ICI sells it I like it good industrial paint not sure if it is the right paint for what I am doing with it


----------



## CApainter (Jun 29, 2007)

Are you thinning it up to 20% with the No. 5 thinner? http://www.spec-tec.co.nz/altex/Devthane3791.pdf You may have to apply several thin coats instead of one thick coat in order to get it to level better. I've sprayed this product, and it doesn't provide as smooth of a finish as say a single stage automotive polyurethane by Nason.


----------



## ibsocal (Apr 17, 2007)

rcdif said:


> Painting a boat with Devoe 379, primed with 201. Problem I am having a hard time getting rid of orange peel without over thinning. In the past I have used airless with good results for the type of finish required but I want to get a good slick finish on this project. Have tried HVLP both Conventional and Turbine and RP or HTE. Is it possible to get a slick paint job with such a high solids paint? What process would work best. Thinking about trying a fine tip on airless but not sure how good of a finish I would get. Any suggestions would be appreciated.

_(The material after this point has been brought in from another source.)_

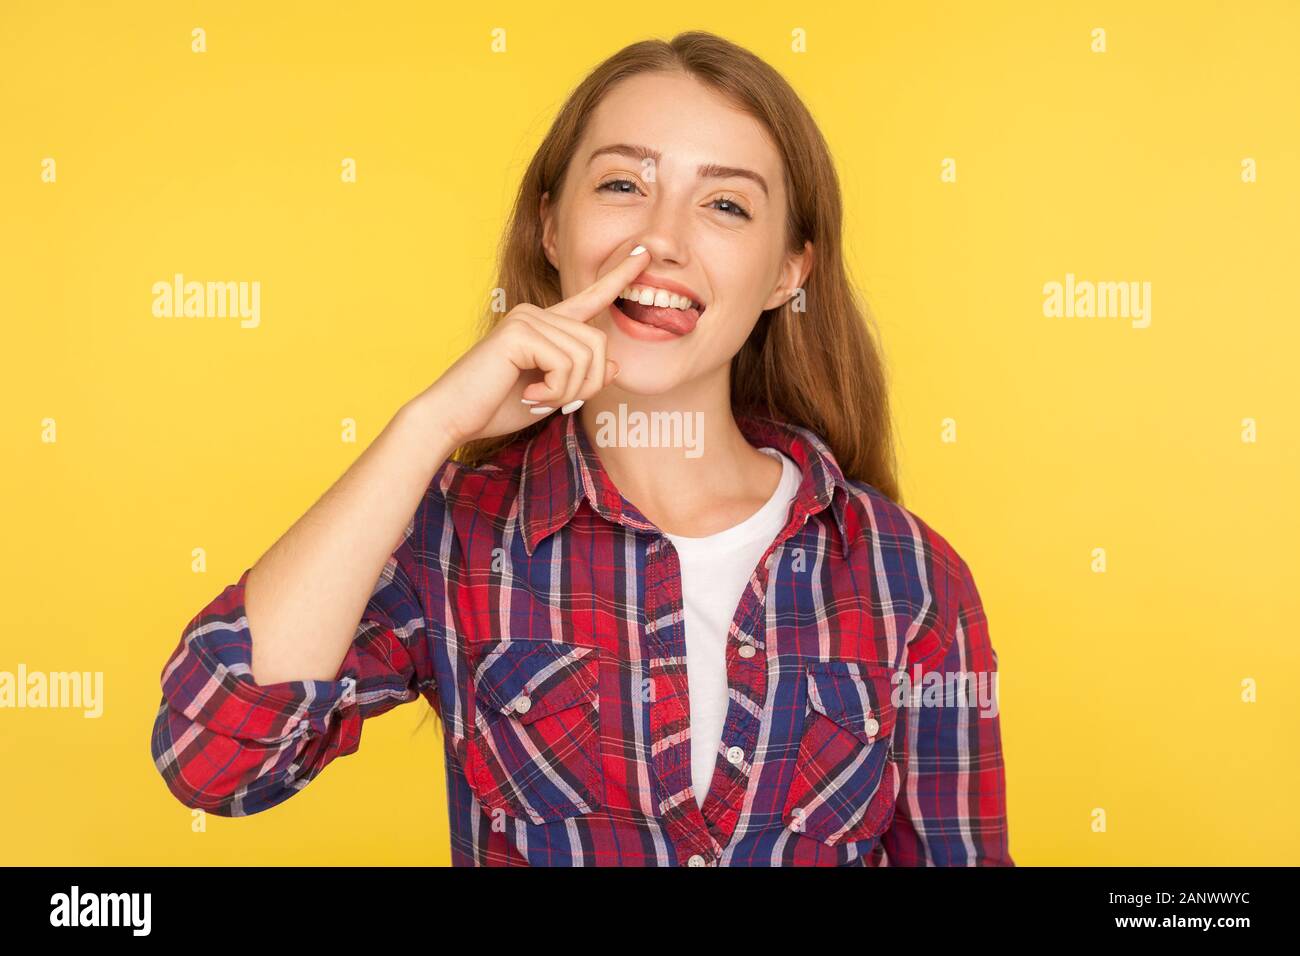 Portrait of funny childish ginger girl in checkered shirt picking her nose and demonstrating tongue with comical silly expression, pulling out boogers Stock Photo

It is doable with hvlp or turbine hvlp systems.make sure the 201 (no orange feel) is sanded smooth prior to top coating.
for all kinds of tips and tricks on applying 379/urethanes go to the BRAOA website and search devoe or 379.
I would put a link but dont know how,great 411 @ the forum.


----------



## rcdif (Aug 8, 2011)

Thanks all for the help looks like I need to thin than more than 15 percent how much thinner can be used before the products duaribilty suffers? How much thinner are others using 379 having to thin in order to get it to flow properly. I think 17T is a bit slower thinking about using.


----------



## ibsocal (Apr 17, 2007)

No Bs check out the BRAOA,lots of advise on 379.................
I personally would use Pro thane 4800 for freeboards/top sides great shine and durabillty made by Pro line Paints in San Diego for industrial and marine use.Sherwin williams owns them so you might can get some from your local SW.


----------



## NACE (May 16, 2008)

Just a thought, but how much area are you doing? Can you use the method used on most boats that have AwlGrip and roll and flag with a white china bristle? Is this below the water line? Devthane 379 is a very high performing aliphatic urethane but may not give automotive finish results with spray application.


----------